The currently supported ways of execution are:
 - job submission using qsub with PBS or SGE
 - monolithic, direct execution of jobs via Roddy
 - submission or execution on the local machine or via SSH

  To support you with your workflows, Roddy offers you several options:

  help
        Shows a list of available configuration files in all configured paths.

[...]

    --usePluginVersion=(...,...)    - Supply a list of used plugins and versions.


Roddy version 2.2.78 build at Fri Sep 18 13:55:26 CEST 2015

Now you can go on and prepare the configuration for your project.

Setup Roddy Configuration

You need two types of configurations:

  1. Application configuration file (by default applicationProperties.ini): A ini formatted file that configures properties of the Roddy application, the batch processing system (PBS, SGE, etc.), default paths for configutations and plugins, etc.
  2. An XML configuration file for your project with all parameters of the workflow that you want to use.

Application ini file

Roddy uses an ini file to control the application behaviour. The ini file define several things:

  • Which job system you use
  • How you connect to the processing system
  • Where Roddy shall search for plugins and configuration files

By default, Roddy will use the ini file located at $HOME/.roddy/applicationProperties.ini, but you can select any other file with the _–useconfig__ command-line option.

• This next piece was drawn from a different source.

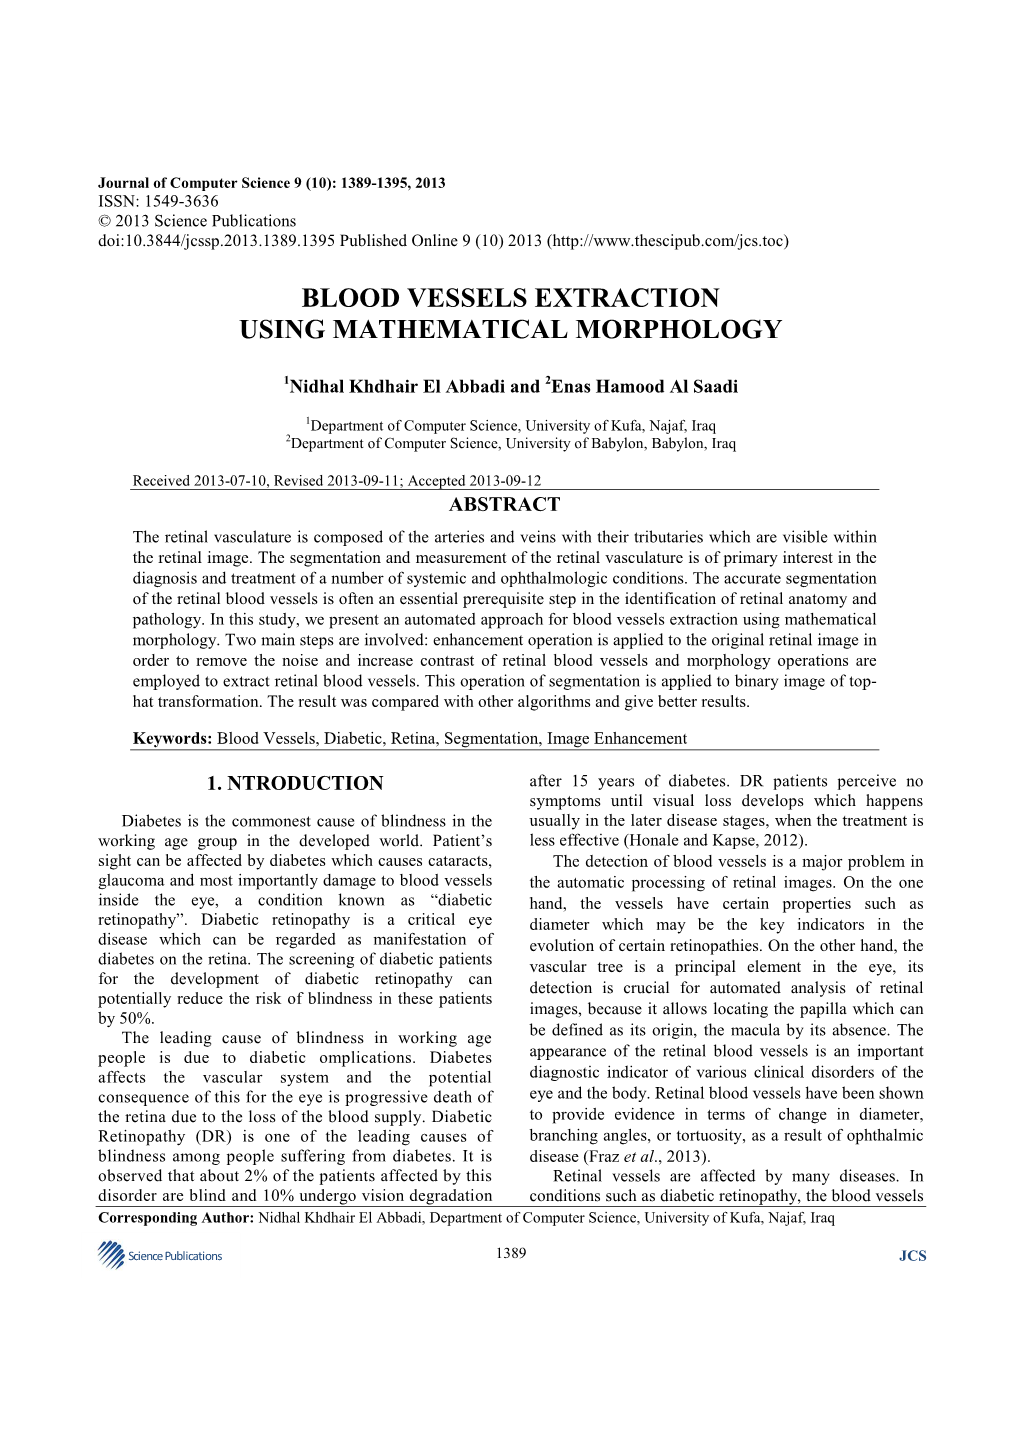 Blood Vessels Extraction Using Mathematical Morphology

The ini files are explained in detail in Application properties files. Here you’ll see a brief overview:

[DIRECTORIES]
configurationDirectories=[FOLDER_WITH_CONFIGURATION_FILES]
pluginDirectories=[FOLDER_WITH_PLUGINS]
scratchBaseDirectory=[FOLDER_ON_EXECUTION_HOSTS]

[COMMANDS]
jobManagerClass=de.dkfz.roddy.execution.jobs.direct.synchronousexecution.DirectSynchronousExecutionJobManager
#jobManagerClass=de.dkfz.roddy.execution.jobs.cluster.pbs.PBSJobManager
#jobManagerClass=de.dkfz.roddy.execution.jobs.cluster.sge.SGEJobManager
#jobManagerClass=de.dkfz.roddy.execution.jobs.cluster.slurm.SlurmJobManager
#jobManagerClass=de.dkfz.roddy.execution.jobs.cluster.lsf.rest.LSFRestJobManager
#jobManagerClass=de.dkfz.roddy.execution.jobs.cluster.lsf.LSFJobManager
commandFactoryUpdateInterval=300
commandLogTruncate=80                       # Truncate logged commands to this length. If <= 0, then no truncation.

[COMMANDLINE]
executionServiceUser=USERNAME
executionServiceClass=de.dkfz.roddy.execution.io.LocalExecutionService
#executionServiceClass=de.dkfz.roddy.execution.io.SSHExecutionService
executionServiceHost=[YOURHOST]
executionServiceAuth=keyfile
#executionServiceAuth=password
executionServicePasswd=
executionServiceStorePassword=false
executionServiceUseCompression=false
fileSystemInfoProviderClass=de.dkfz.roddy.execution.io.fs.FileSystemInfoProvider

The file is divided into several sections, but this is mainly to keep a better order:

  • COMMON is for setting up general things
  • DIRECTORIES
  • COMMANDS
  • COMMANDLINE is to set up the command line interface

We try to keep every possible option in the ini file, so you should basically be able to just select what you need and to fill in the missing parts.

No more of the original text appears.